In another terminal window, enter the Halyard container:

docker exec -it halyard bash

Once inside the Halyard container, configure the Spinnaker version:

`hal config version

hal config version edit --version `

Enable Kubernetes as a provider:

hal config provider kubernetes enable

Add a Kubernetes account; docker-desktop in the command below is the context of the cluster running on Docker Desktop:

hal config provider kubernetes account add my-account --context docker-desktop

Now associate your Kubernetes account (my-account) with Halyard:

hal config deploy edit --type distributed --account-name my-account

Configure storage using Redis. This will be changed later, since Halyard doesn’t allow setting MySQL directly:

hal config storage edit --type redis

Now enable artifacts. The Artifacts feature in Spinnaker allows the system to manage and deploy artifacts (such as Docker images, JAR files, and Debian packages) as part of your deployment pipelines:

hal config features edit --artifacts true

Configuring Spinnaker to use MySQL

Next, you have to configure Spinnaker to use the MySQL database. Create the /home/spinnaker/.hal/default/profiles/front50-local.yml file and insert the following configurations:

sql:
  enabled: true
  connectionPools:
    default:
      default: true
      jdbcUrl: jdbc:mysql://MYSQL_IP_ADDRESS:3306/front50
      user: root
      password: 123
  migration:
    user: root
    password: 123
    jdbcUrl: jdbc:mysql://MYSQL_IP_ADDRESS:3306/front50
spinnaker:
  redis:
    enabled: false

Replace MYSQL_IP_ADDRESS with the appropriate IP address. Also make sure that other credentials match with what you used to deploy MySQL earlier.
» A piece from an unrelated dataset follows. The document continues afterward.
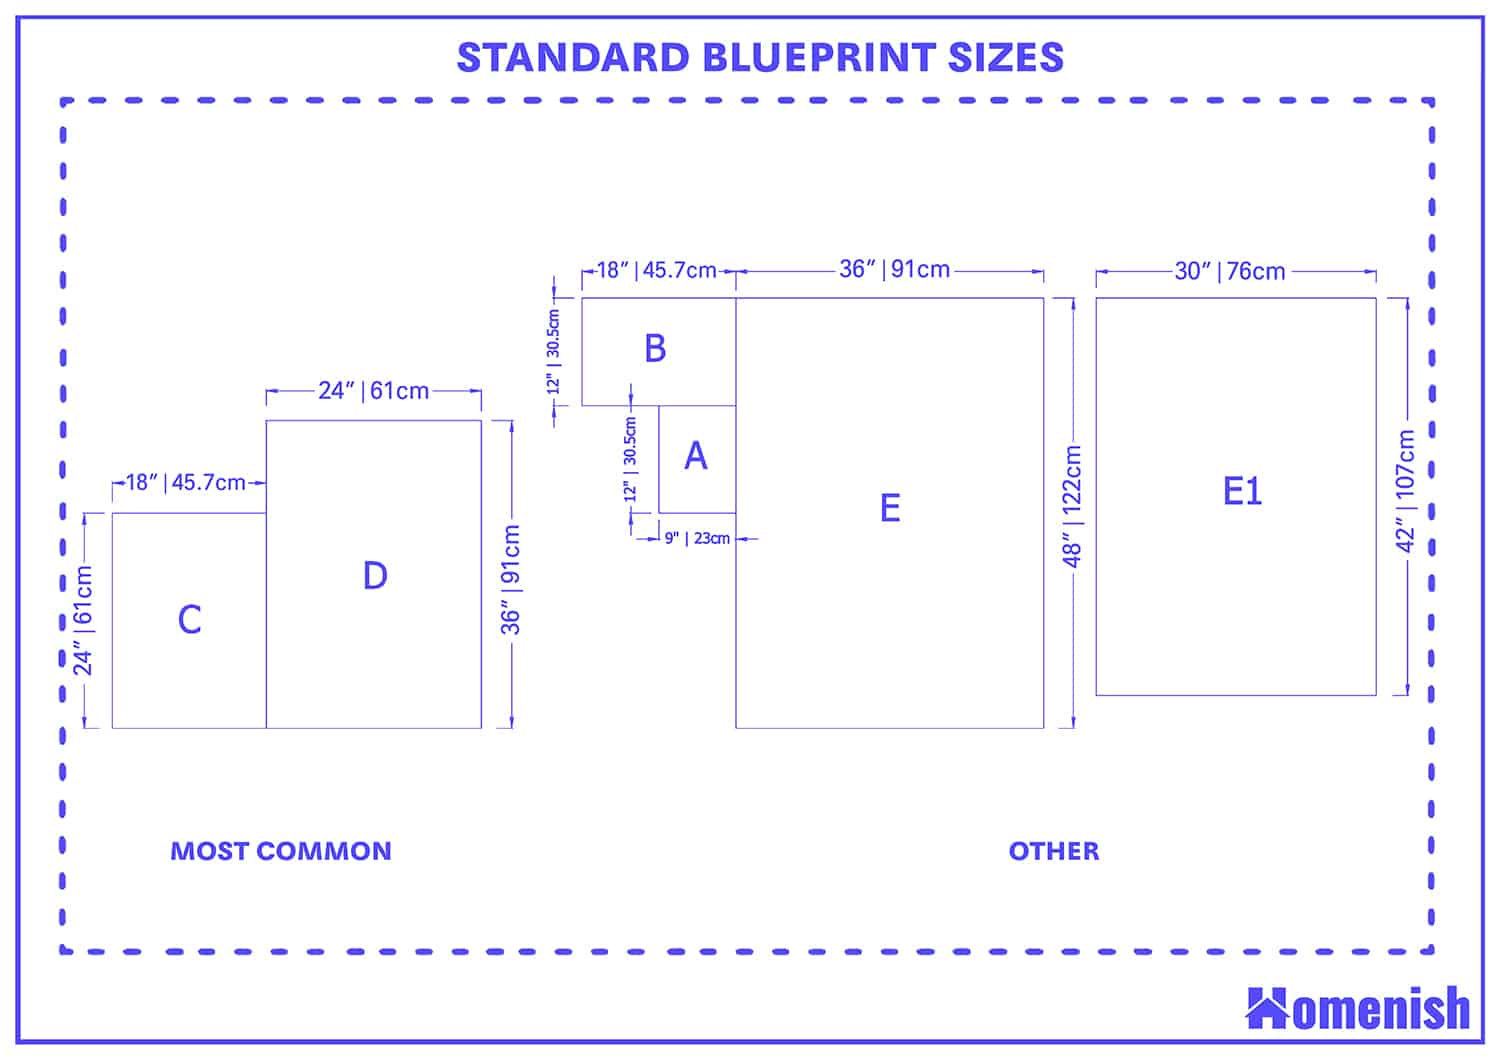 Standard Blueprint Sizes
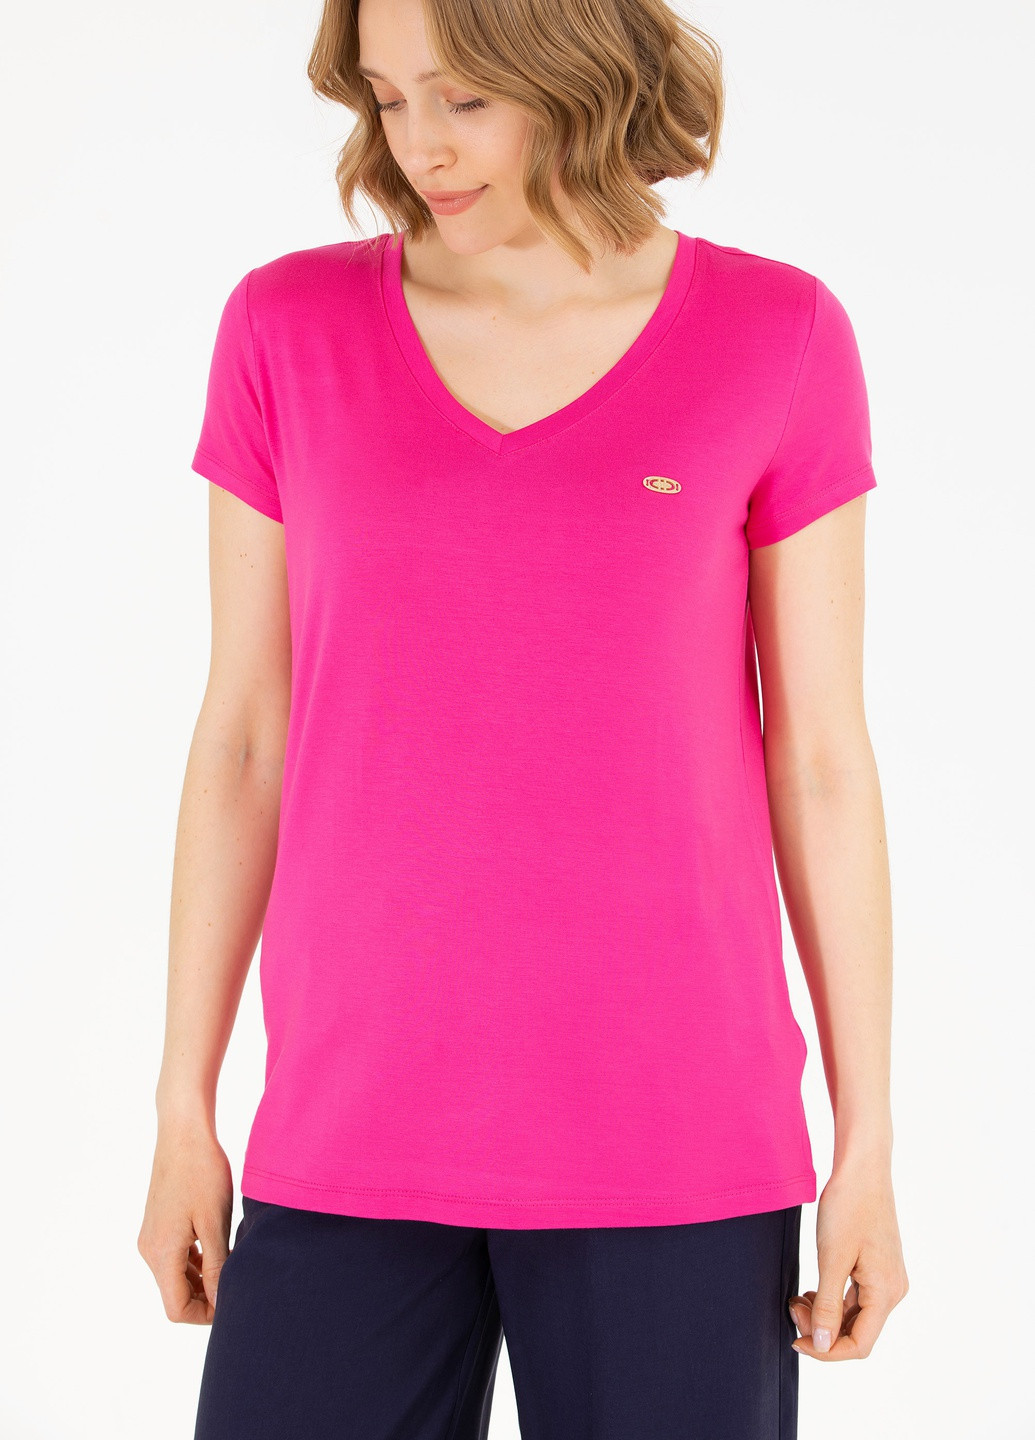 Кислотно-розовая футболка u.s.polo assn женская U.S. Polo Assn.

You can get the MYSQL IP by running the following command (outside the Hayland container):

kubectl get pods -o wide

Apply the deployment (in the Hayland container). This command is used to apply the changes made to the Spinnaker configuration and deploy or update Spinnaker in the target environment:

hal deploy apply

Now you can check to see whether the pods are running completely:

kubectl get pods -n spinnaker

We need the deck and gate pods to be running so we can access the Spinnaker UI.

Now we can forward the deck and gate pods so that we can access it on the browser. Do this with the following command:

kubectl -n spinnaker port-forward <spin-deck-pod-name> 9000

On another terminal, run the gate :

kubectl -n spinnaker port-forward <spin-gate-pod-name> 8084

Now you can access the Spinnaker UI at http://localhost:9000/ and start developing your pipelines.

Conclusion

Flux CD, Argo CD, and Spinnaker offer distinct advantages and cater to different use cases within the realm of continuous delivery. By evaluating their architectures, features, and integrations, you can make informed decisions about the best way to automate your deployment and delivery processes.